CN112967714A - Information acquisition method for English voice - Google Patents

Abstract

The invention discloses an information acquisition method for English voice, which comprises the following steps: s1, collecting and amplifying the audio signal; s2, carrying out analog filtering on the amplified audio signal; s3, converting the analog filtered signal into a digital signal and extracting the audio characteristic parameters of the digital audio signal: attack time, spectral centroid, spectral flux, fundamental frequency, sharpness, etc.; s4, matching the audio characteristic parameters with a sound source model in a standard sound source database, then matching the digital audio signal with syllables and phonemes in the sound source model to obtain a matching degree, and performing phoneme correction according to the difference of the matching degree; s5, combining the corrected phonemes into the digital audio signal; s6, performing blur filtering on the synthesized digital audio signal, and outputting the audio signal.

Description

Information acquisition method for English voice

Technical Field

The invention relates to the technical field of audio information acquisition and processing, in particular to an information acquisition method for English voice.

Background

With the popularization of distance education, "web lessons" play an important role as a substitute and supplement for on-site lessons, and especially in english teaching, a teacher usually wants to give perfect voice to complete a classroom or training teaching, so that the pain point of the teacher can be solved by correcting pronunciation in real time through a voice intelligent method.

In the prior art, the evaluation or correction of the voice is generally realized by comparing the teaching voice with the standard voice to give a score or beautifying the voice. For example, CN202010891349.4 discloses a method for generating a self-adaptive english speech, which collects a target speech signal; carrying out signal analysis and processing on the collected target voice signal to obtain a corresponding signal to be reserved; aiming at the obtained signal to be reserved, performing defect recognition on the signal to be reserved by referring to a standard voice signal corresponding to English voice; and inputting the voice data containing the target voice signal into a corresponding English voice output model according to a defect recognition result, acquiring a voice output result, and obtaining the generated English voice so as to improve the accuracy and intelligence of English voice output.

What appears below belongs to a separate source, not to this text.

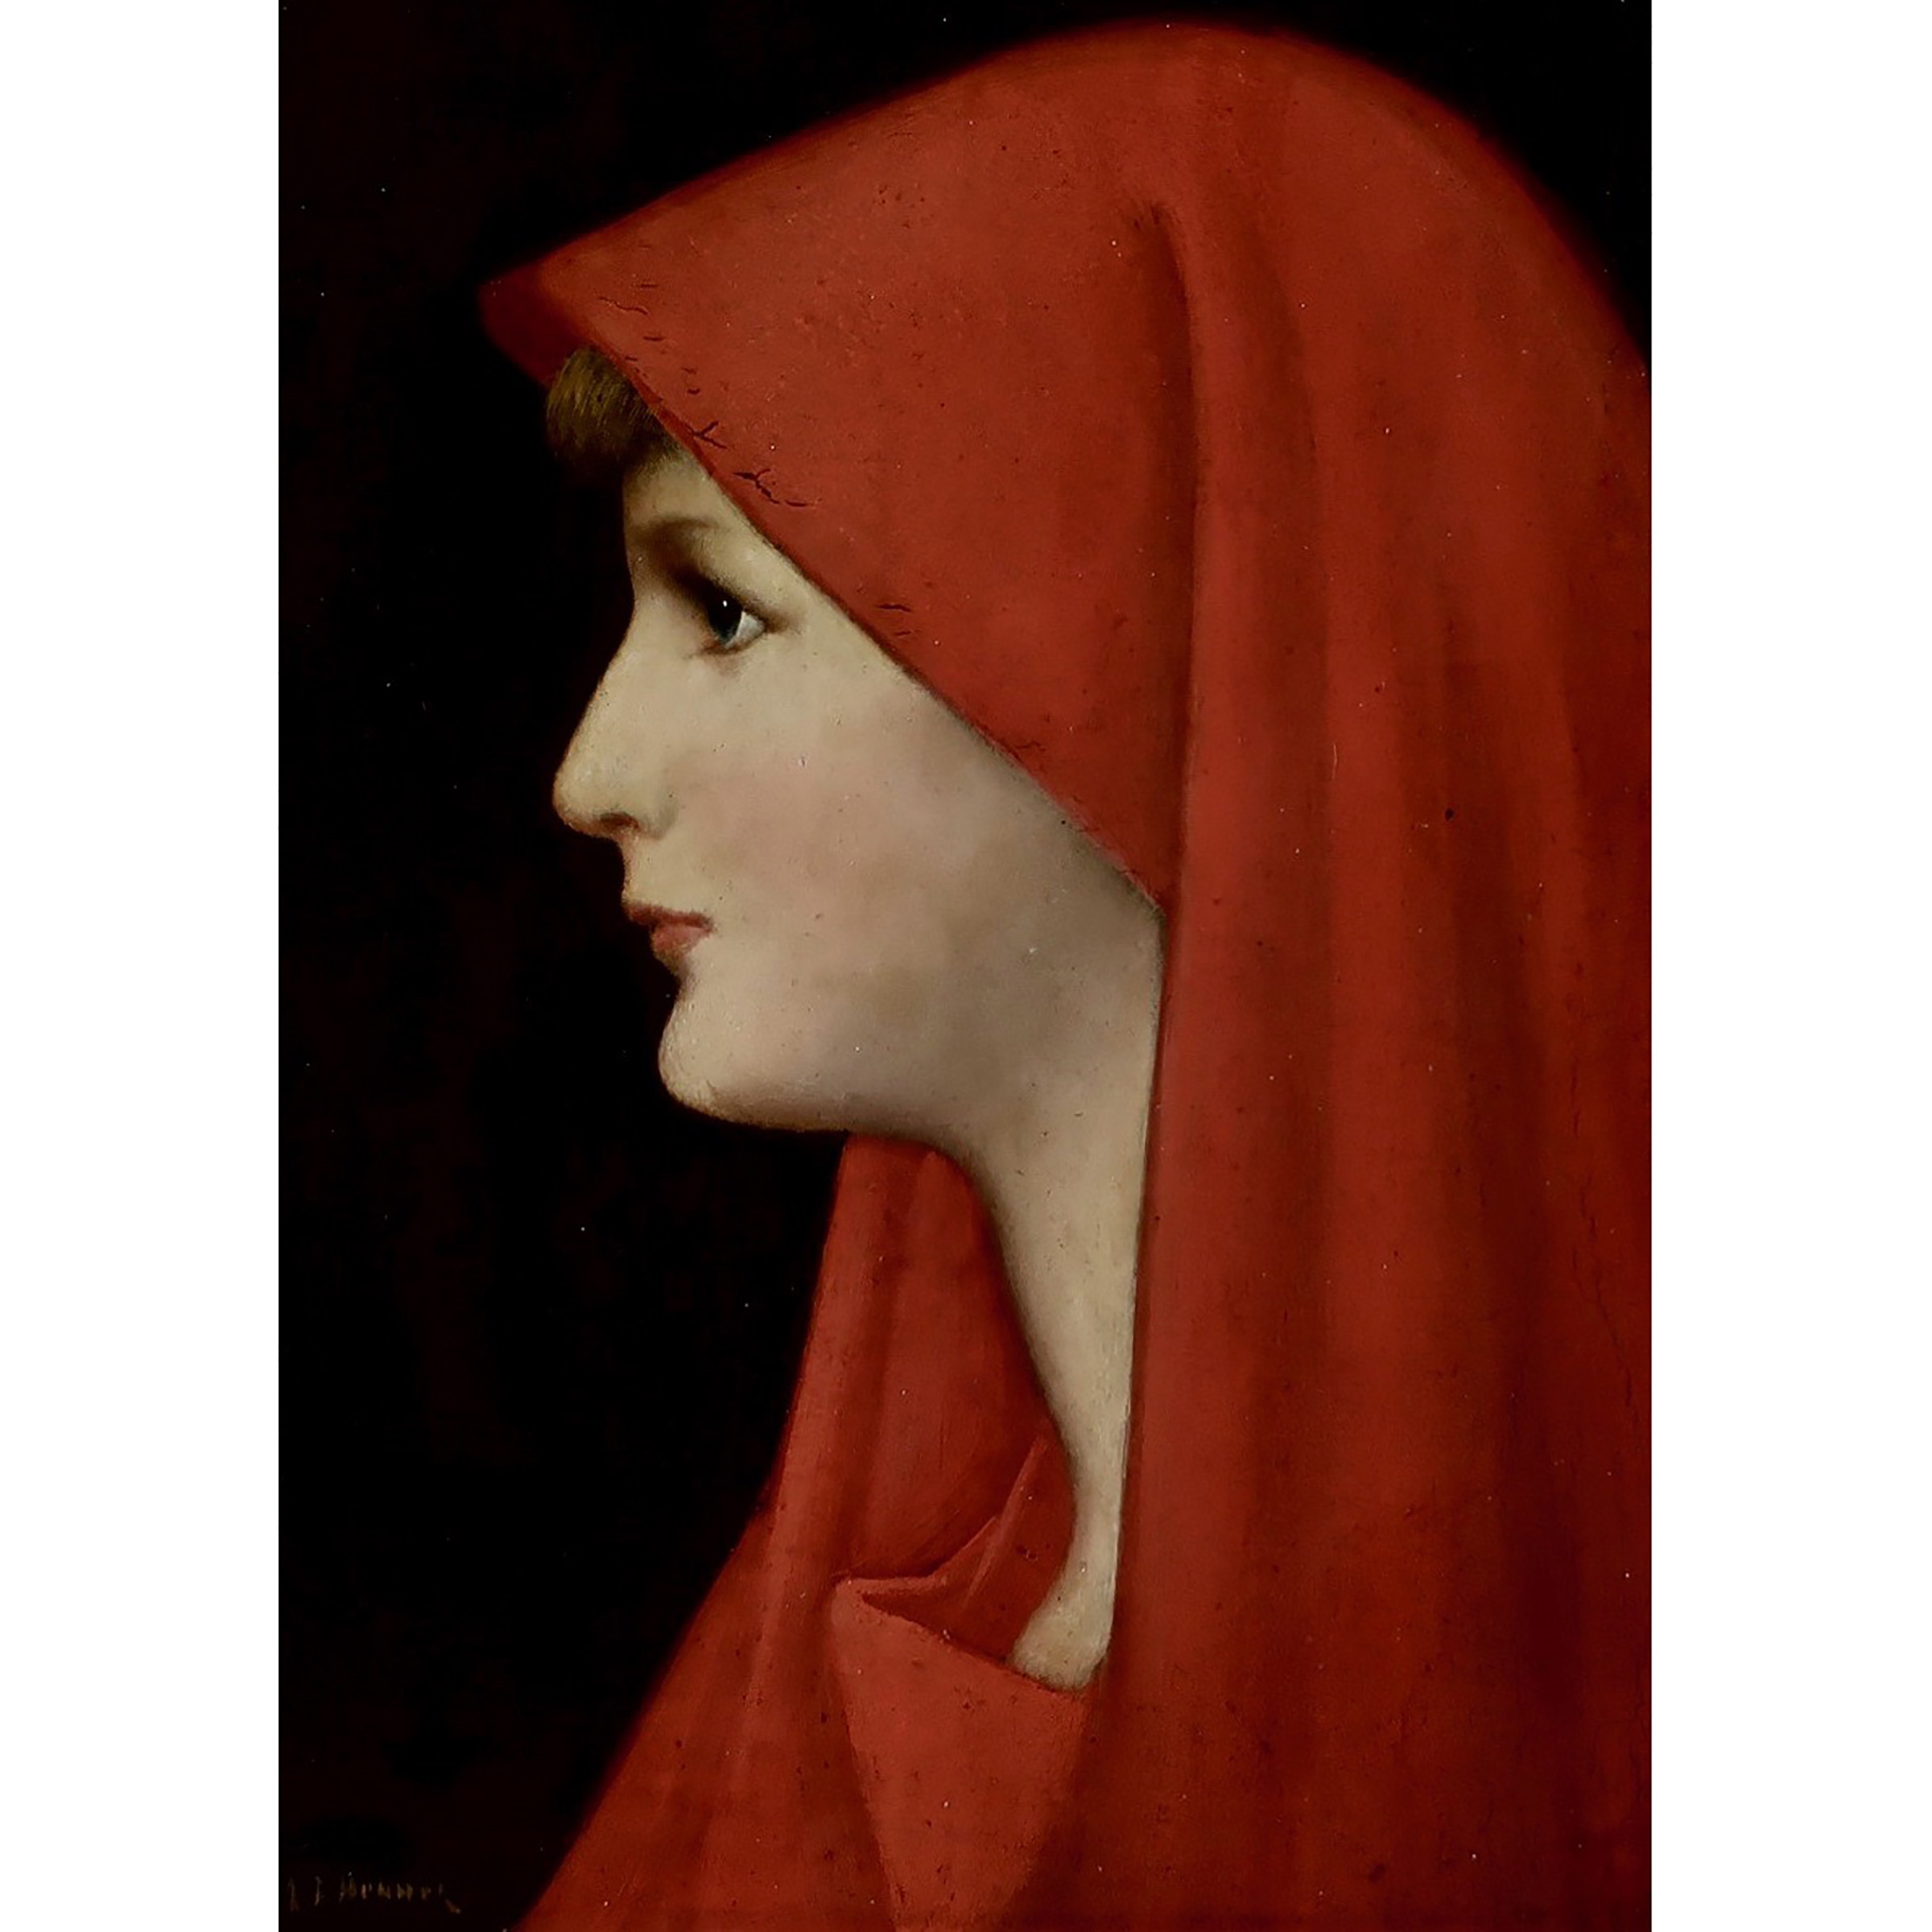 Artwork by Jean-Jacques Henner, FABIOLA, Made of OIL ON PANEL

However, when referring to the standard speech signal of english speech, it does not consider the essential difference between the speaker and the standard speech signal, such as different oral cavity pronunciation positions, different tones, different tone, etc., which may make the recognition of the so-called "defect" inaccurate, resulting in the distortion of the english speech output in the corresponding english speech output model, and the incoherence of sentences.

Meanwhile, voice beautification in the prior art cannot adapt to the characteristics of different speakers, beautified voice is not smooth enough, and experience effect is poor.

Disclosure of Invention

The invention aims to provide an information acquisition method for English voice, which aims to solve the problems of inaccurate recognition, inconsistent voice, output distortion and the like caused by the fact that the basic difference between a speaker and a standard voice signal in the background technology is different, such as different oral cavity pronunciation positions, different tone and the like.

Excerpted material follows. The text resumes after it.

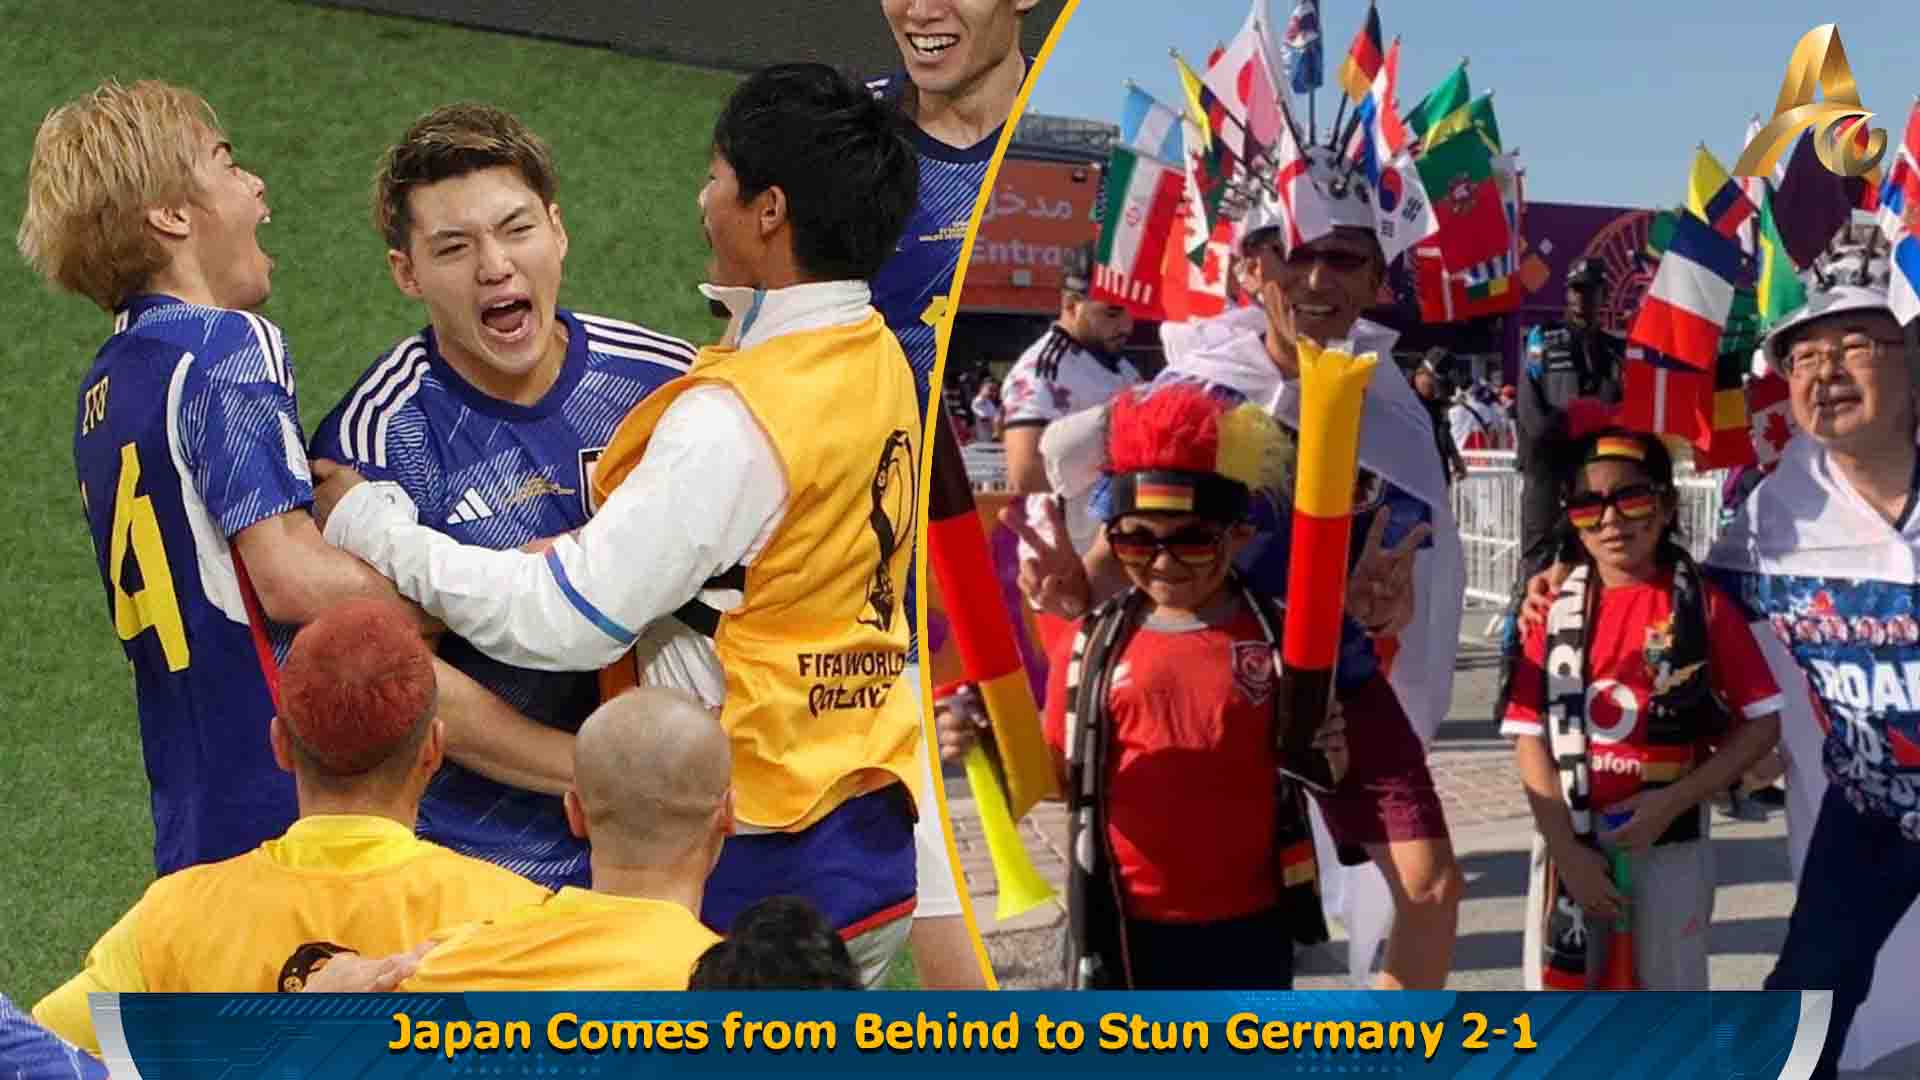 Japan stun Germany with late strikes - Global Times

In order to achieve the purpose, the invention provides the following technical scheme:

an information acquisition method for English voice comprises the following specific steps:

s1, collecting and amplifying the audio signal;

s2, carrying out analog filtering on the amplified audio signal;

s3, converting the analog filtered signal into a digital signal and extracting the audio characteristic parameters of the digital audio signal: attack time, spectral centroid, spectral flux, fundamental frequency, sharpness, etc.;

s4, matching the audio characteristic parameters with a sound source model in a standard sound source database, then matching the digital audio signal with syllables and phonemes in the sound source model to obtain a matching degree, and performing phoneme correction according to the difference of the matching degree;

s5, combining the corrected phonemes into the digital audio signal;

s6, performing blur filtering on the synthesized digital audio signal, and outputting the audio signal.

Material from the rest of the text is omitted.